The trial court entered judgment on the verdict that plaintiffs take nothing.

Plaintiffs appeal on 6 points contending:

1) There is no evidence to support the jury's answer to Issue 4; and such answer is contrary to the great weight of all the evidence.

2) There is no evidence to support the jury's answer to Issue 8; and such answer is contrary to the greater weight of all the evidence.

3) There is no evidence to support the jury's answer to Issue 10.

4) If defendant did not fall asleep at the wheel, her acts demonstrated a reckless and heedless disregard of the rights of others.

Contention 1 asserts there is no evidence or insufficient evidence to support the jury's answer to Issue 4 that defendant did not fall asleep at the wheel.

Issue 1 found the defendant was not operating her car when she was fatigued and tired and unable to properly operate same under the circumstances.

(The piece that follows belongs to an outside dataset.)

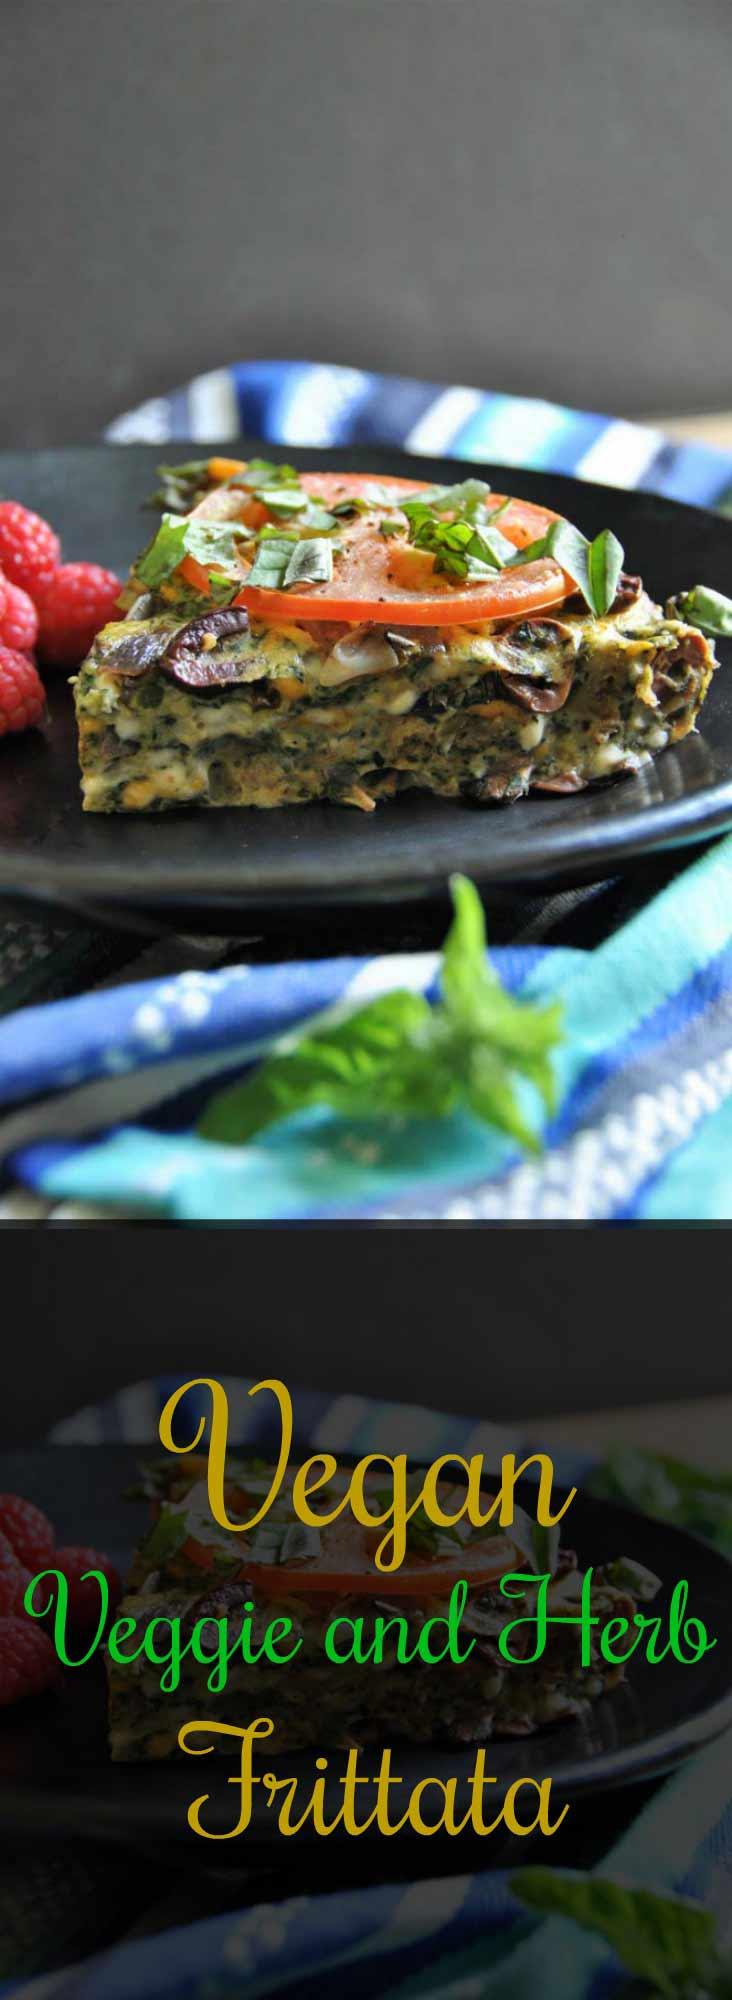 Vegan vegetable and herb frittata for breakfast, lunch, or dinner!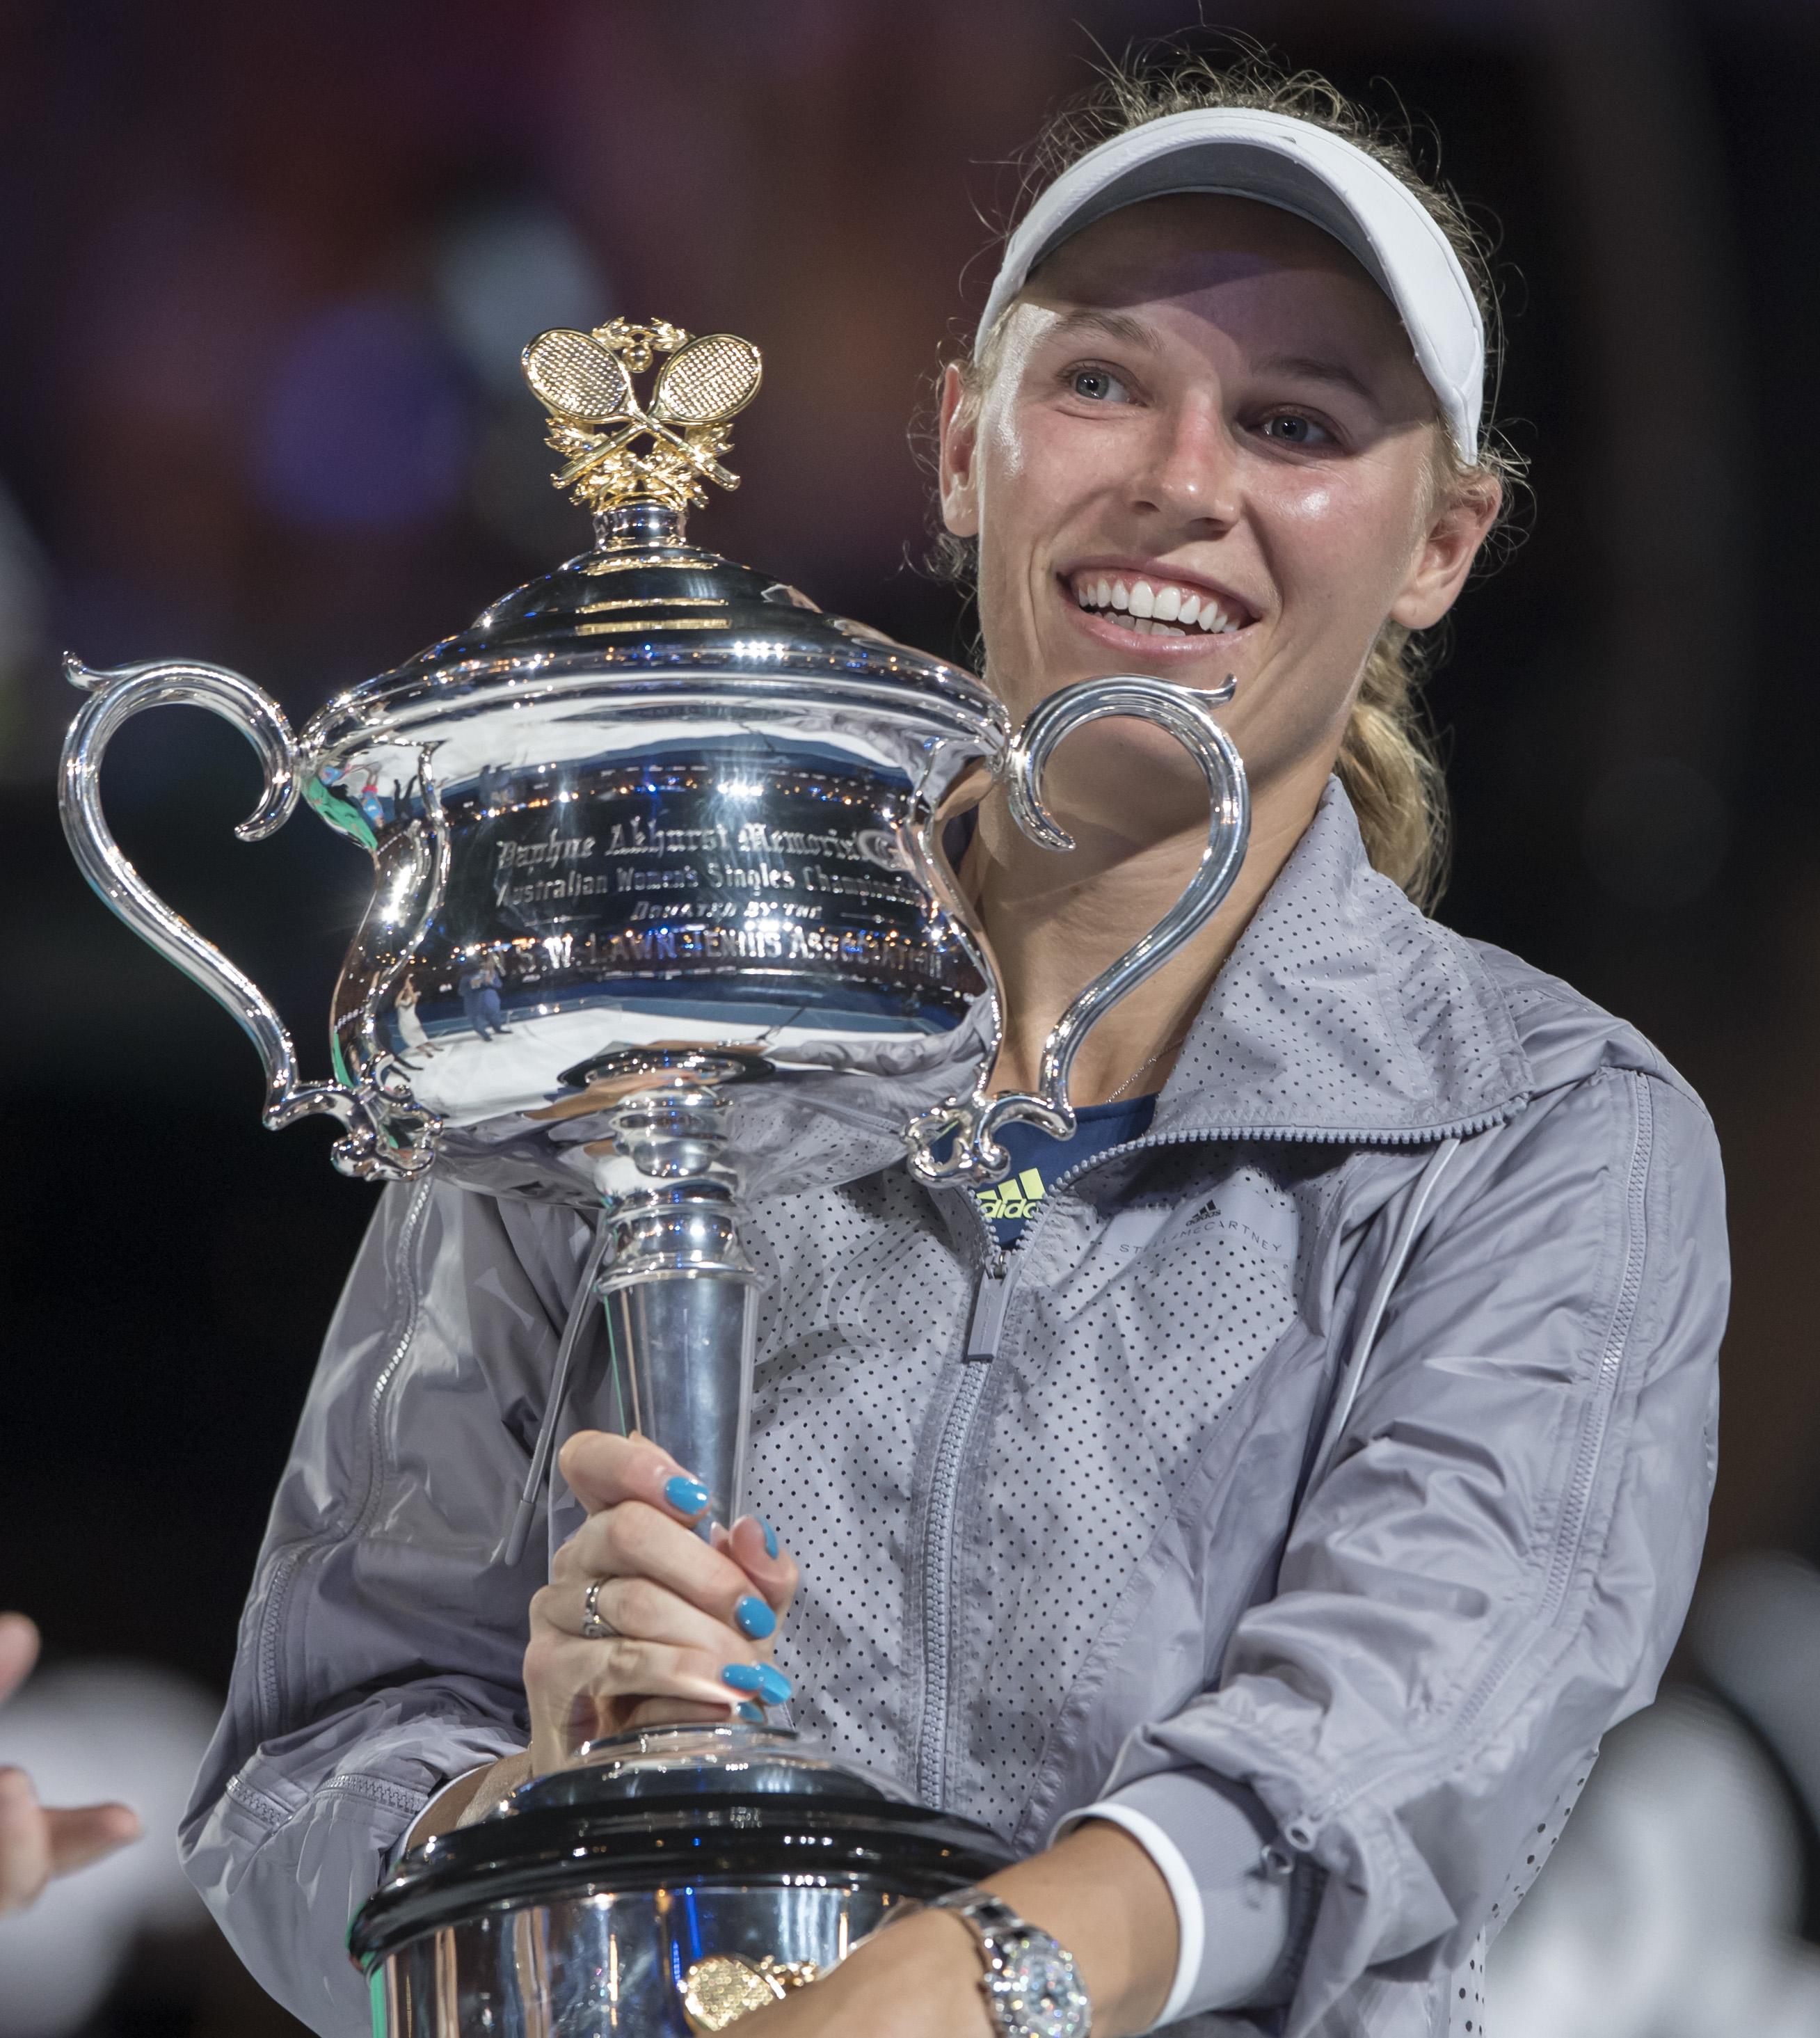 2018 Australian Open - Day 13

Plaintiffs make no complaint at this finding and there is ample evidence to support same. Granting there is no evidence to support the jury's answer to Issue 4, there is no way under the record that defendant's going to sleep could constitute gross negligence as is required for a guest to recover under Article 6701b Vernon's Ann.Tex.Civ.St. Matlock v. Hooge, Tex.Civ.App., NRE, 365 S.W.2d 386; Wood v. Orts, Tex.Civ.App., NWH,182 S.W.2d 139; Napier v. Mooneyham, Tex.Civ.App., Er.Dismd., 94 S.W.2d 564.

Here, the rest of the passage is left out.